Collection entries
>>

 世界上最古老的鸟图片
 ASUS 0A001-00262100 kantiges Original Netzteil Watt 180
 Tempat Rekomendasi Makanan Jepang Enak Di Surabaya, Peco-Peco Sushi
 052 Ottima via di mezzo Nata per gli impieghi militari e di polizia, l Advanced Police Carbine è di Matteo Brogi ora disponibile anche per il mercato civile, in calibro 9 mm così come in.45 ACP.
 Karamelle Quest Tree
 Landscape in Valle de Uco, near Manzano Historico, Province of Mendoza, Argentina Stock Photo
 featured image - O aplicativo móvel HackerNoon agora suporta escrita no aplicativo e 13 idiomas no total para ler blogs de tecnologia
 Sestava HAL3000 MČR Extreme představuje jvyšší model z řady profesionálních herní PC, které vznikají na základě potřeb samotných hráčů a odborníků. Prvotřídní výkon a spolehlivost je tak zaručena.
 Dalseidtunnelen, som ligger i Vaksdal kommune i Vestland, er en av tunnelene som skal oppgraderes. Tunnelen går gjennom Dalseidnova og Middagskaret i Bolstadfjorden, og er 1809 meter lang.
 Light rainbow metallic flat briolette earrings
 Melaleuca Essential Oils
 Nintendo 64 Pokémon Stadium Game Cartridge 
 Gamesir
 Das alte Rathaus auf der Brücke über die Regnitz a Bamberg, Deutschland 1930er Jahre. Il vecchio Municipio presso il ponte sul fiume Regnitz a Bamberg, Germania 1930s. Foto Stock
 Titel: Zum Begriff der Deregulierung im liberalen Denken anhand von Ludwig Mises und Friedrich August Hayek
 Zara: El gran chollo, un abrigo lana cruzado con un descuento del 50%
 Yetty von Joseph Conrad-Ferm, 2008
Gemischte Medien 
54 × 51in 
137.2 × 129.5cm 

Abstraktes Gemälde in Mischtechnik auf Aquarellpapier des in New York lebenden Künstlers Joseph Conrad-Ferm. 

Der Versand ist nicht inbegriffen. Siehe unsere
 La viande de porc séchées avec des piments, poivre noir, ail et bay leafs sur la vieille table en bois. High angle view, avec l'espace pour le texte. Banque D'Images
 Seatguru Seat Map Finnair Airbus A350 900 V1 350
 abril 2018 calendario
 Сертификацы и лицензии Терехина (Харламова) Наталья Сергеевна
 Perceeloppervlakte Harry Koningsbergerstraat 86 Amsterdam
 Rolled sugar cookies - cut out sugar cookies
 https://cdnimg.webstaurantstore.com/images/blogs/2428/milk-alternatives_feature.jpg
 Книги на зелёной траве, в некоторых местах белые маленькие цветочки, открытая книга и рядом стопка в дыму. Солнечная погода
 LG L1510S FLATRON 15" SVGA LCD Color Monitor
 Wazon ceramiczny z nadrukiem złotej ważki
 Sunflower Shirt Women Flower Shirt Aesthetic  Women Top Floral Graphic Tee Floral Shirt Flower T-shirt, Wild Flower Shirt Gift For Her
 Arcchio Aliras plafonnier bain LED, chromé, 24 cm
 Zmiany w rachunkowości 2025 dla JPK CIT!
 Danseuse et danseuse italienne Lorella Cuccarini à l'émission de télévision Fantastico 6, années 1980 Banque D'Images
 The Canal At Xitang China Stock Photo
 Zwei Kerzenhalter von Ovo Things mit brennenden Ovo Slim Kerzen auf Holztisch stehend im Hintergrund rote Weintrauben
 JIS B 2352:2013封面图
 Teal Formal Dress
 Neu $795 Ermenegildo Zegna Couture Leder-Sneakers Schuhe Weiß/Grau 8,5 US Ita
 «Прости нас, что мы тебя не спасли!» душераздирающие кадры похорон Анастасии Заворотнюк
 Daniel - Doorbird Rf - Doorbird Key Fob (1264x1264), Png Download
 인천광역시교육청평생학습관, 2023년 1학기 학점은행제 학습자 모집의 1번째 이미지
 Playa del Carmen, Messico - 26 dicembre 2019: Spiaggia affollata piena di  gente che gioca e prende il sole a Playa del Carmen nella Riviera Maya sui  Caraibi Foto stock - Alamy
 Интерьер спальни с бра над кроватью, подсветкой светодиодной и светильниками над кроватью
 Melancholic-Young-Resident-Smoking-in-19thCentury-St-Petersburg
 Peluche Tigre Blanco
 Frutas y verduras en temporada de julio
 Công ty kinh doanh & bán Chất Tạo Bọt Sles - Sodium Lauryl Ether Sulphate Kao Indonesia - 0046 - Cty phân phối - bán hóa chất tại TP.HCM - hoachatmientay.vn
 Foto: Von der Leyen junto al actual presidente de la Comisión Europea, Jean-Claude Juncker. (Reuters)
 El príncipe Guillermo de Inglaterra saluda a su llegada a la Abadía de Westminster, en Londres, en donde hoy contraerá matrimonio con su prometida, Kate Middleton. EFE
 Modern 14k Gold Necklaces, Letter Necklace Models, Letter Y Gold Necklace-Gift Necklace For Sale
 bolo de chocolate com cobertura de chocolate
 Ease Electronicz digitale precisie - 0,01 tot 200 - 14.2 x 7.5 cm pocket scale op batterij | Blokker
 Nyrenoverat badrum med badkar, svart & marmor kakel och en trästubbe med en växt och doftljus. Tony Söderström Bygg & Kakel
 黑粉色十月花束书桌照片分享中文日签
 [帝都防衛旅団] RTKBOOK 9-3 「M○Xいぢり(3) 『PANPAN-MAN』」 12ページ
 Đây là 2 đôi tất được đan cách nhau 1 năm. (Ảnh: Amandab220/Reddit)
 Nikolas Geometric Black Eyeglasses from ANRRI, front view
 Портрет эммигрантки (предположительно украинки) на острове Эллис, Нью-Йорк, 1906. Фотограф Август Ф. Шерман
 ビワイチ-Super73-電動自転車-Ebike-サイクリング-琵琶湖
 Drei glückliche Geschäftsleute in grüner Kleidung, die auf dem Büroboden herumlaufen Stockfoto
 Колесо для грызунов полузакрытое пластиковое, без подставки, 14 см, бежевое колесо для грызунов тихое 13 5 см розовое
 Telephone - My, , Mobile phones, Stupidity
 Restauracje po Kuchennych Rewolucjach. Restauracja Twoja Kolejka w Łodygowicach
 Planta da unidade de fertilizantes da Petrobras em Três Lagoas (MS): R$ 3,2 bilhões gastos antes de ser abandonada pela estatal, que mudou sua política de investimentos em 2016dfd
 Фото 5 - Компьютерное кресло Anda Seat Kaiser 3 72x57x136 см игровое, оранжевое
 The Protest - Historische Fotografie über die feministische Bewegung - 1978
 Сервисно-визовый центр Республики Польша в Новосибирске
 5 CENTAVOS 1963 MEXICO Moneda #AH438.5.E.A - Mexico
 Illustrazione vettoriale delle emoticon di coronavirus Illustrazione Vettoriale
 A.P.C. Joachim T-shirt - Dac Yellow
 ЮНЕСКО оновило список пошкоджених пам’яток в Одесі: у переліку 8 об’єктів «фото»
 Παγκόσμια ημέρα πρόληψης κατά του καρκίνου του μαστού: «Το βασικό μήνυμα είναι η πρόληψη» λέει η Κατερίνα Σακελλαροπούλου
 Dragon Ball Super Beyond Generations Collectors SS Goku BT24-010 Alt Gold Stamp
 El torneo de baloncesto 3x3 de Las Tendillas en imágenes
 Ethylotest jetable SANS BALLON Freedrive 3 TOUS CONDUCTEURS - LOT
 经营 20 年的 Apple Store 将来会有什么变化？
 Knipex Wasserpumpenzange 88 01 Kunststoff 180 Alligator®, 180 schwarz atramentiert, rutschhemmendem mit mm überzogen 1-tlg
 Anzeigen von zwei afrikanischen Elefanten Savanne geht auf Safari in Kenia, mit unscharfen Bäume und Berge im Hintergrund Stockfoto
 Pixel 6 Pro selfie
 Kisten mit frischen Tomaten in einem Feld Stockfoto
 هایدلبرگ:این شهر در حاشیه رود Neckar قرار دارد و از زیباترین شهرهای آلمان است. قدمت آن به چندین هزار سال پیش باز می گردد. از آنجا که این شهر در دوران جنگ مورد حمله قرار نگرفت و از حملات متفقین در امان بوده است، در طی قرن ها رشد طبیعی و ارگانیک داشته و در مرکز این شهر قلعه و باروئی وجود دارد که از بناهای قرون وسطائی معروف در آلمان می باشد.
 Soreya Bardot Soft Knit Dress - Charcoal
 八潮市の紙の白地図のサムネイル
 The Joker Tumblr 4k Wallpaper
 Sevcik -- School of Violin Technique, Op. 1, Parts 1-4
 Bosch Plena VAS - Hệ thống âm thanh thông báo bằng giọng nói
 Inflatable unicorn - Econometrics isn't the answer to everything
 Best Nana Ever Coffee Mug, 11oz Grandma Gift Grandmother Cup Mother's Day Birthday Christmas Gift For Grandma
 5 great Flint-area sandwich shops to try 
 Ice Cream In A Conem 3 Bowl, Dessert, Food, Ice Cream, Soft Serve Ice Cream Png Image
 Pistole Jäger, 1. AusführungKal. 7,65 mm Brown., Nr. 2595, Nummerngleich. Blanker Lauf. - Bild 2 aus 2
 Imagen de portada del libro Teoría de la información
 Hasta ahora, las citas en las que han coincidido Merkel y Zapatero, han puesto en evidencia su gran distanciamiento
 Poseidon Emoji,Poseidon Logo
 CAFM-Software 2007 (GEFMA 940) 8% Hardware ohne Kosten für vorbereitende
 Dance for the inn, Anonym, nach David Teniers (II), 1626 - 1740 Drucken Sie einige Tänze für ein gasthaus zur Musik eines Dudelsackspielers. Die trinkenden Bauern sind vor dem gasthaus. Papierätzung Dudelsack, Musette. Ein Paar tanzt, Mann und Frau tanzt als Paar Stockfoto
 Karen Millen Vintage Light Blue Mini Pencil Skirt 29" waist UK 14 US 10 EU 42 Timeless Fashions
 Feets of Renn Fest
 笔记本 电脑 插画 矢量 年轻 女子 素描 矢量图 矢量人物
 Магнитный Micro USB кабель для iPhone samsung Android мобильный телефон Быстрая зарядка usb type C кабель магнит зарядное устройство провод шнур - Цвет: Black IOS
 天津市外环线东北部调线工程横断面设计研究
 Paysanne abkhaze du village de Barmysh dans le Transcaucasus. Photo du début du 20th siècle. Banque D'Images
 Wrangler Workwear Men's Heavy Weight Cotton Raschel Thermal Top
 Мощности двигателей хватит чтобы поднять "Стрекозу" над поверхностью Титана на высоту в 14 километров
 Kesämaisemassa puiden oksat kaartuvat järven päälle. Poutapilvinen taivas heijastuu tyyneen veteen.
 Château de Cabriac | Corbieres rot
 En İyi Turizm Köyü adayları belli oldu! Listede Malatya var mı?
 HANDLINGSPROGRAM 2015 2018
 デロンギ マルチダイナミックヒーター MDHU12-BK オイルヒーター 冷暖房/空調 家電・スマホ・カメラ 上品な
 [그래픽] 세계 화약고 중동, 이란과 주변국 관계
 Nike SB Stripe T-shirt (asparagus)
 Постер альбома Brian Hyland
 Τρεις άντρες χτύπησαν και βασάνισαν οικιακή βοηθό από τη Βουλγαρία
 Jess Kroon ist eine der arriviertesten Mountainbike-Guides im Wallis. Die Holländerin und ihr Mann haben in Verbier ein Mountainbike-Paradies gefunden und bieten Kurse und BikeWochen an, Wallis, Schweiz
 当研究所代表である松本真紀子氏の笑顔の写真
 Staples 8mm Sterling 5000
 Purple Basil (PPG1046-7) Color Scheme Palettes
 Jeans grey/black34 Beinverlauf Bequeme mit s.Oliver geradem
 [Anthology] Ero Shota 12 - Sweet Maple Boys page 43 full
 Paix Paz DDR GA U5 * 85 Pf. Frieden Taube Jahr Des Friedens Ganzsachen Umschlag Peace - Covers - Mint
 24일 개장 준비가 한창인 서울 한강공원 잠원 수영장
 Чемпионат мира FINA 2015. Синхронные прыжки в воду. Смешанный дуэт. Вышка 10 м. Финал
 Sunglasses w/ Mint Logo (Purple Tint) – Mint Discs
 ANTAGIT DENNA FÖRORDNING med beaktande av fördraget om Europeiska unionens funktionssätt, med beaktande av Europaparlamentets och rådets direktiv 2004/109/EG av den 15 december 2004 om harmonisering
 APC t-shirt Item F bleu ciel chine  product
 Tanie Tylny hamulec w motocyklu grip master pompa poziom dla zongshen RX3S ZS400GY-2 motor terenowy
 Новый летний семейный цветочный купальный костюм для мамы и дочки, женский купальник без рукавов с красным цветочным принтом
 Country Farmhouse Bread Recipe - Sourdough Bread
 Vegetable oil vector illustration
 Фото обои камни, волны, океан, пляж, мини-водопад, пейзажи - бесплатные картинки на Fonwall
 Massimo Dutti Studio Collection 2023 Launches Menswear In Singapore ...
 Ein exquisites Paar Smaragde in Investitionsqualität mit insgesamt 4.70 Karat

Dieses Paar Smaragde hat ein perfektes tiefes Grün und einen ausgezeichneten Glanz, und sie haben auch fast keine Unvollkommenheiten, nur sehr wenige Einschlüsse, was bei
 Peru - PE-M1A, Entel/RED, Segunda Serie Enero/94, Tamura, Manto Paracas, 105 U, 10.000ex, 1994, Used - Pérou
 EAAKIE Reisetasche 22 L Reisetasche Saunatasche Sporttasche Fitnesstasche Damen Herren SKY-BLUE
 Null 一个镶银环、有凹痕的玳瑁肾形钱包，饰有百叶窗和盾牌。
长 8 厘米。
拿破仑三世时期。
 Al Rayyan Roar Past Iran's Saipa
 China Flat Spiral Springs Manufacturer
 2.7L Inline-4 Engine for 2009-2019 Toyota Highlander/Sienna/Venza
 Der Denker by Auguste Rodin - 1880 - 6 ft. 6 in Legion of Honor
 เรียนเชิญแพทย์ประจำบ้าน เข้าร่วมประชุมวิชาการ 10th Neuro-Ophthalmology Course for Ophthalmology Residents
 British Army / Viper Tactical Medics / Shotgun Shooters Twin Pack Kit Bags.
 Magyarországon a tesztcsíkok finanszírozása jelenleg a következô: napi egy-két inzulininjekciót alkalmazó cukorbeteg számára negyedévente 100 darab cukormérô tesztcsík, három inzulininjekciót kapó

<<

> **WHAT THE TASK REQUIRES**
Look above for the line with "Best Nana Ever" and the line with "Мощности двигателей хватит", and reproduce exactly those two lines plus every line between, nothing more.

> **RESULT BELOW**
 Best Nana Ever Coffee Mug, 11oz Grandma Gift Grandmother Cup Mother's Day Birthday Christmas Gift For Grandma
 5 great Flint-area sandwich shops to try 
 Ice Cream In A Conem 3 Bowl, Dessert, Food, Ice Cream, Soft Serve Ice Cream Png Image
 Pistole Jäger, 1. AusführungKal. 7,65 mm Brown., Nr. 2595, Nummerngleich. Blanker Lauf. - Bild 2 aus 2
 Imagen de portada del libro Teoría de la información
 Hasta ahora, las citas en las que han coincidido Merkel y Zapatero, han puesto en evidencia su gran distanciamiento
 Poseidon Emoji,Poseidon Logo
 CAFM-Software 2007 (GEFMA 940) 8% Hardware ohne Kosten für vorbereitende
 Dance for the inn, Anonym, nach David Teniers (II), 1626 - 1740 Drucken Sie einige Tänze für ein gasthaus zur Musik eines Dudelsackspielers. Die trinkenden Bauern sind vor dem gasthaus. Papierätzung Dudelsack, Musette. Ein Paar tanzt, Mann und Frau tanzt als Paar Stockfoto
 Karen Millen Vintage Light Blue Mini Pencil Skirt 29" waist UK 14 US 10 EU 42 Timeless Fashions
 Feets of Renn Fest
 笔记本 电脑 插画 矢量 年轻 女子 素描 矢量图 矢量人物
 Магнитный Micro USB кабель для iPhone samsung Android мобильный телефон Быстрая зарядка usb type C кабель магнит зарядное устройство провод шнур - Цвет: Black IOS
 天津市外环线东北部调线工程横断面设计研究
 Paysanne abkhaze du village de Barmysh dans le Transcaucasus. Photo du début du 20th siècle. Banque D'Images
 Wrangler Workwear Men's Heavy Weight Cotton Raschel Thermal Top
 Мощности двигателей хватит чтобы поднять "Стрекозу" над поверхностью Титана на высоту в 14 километров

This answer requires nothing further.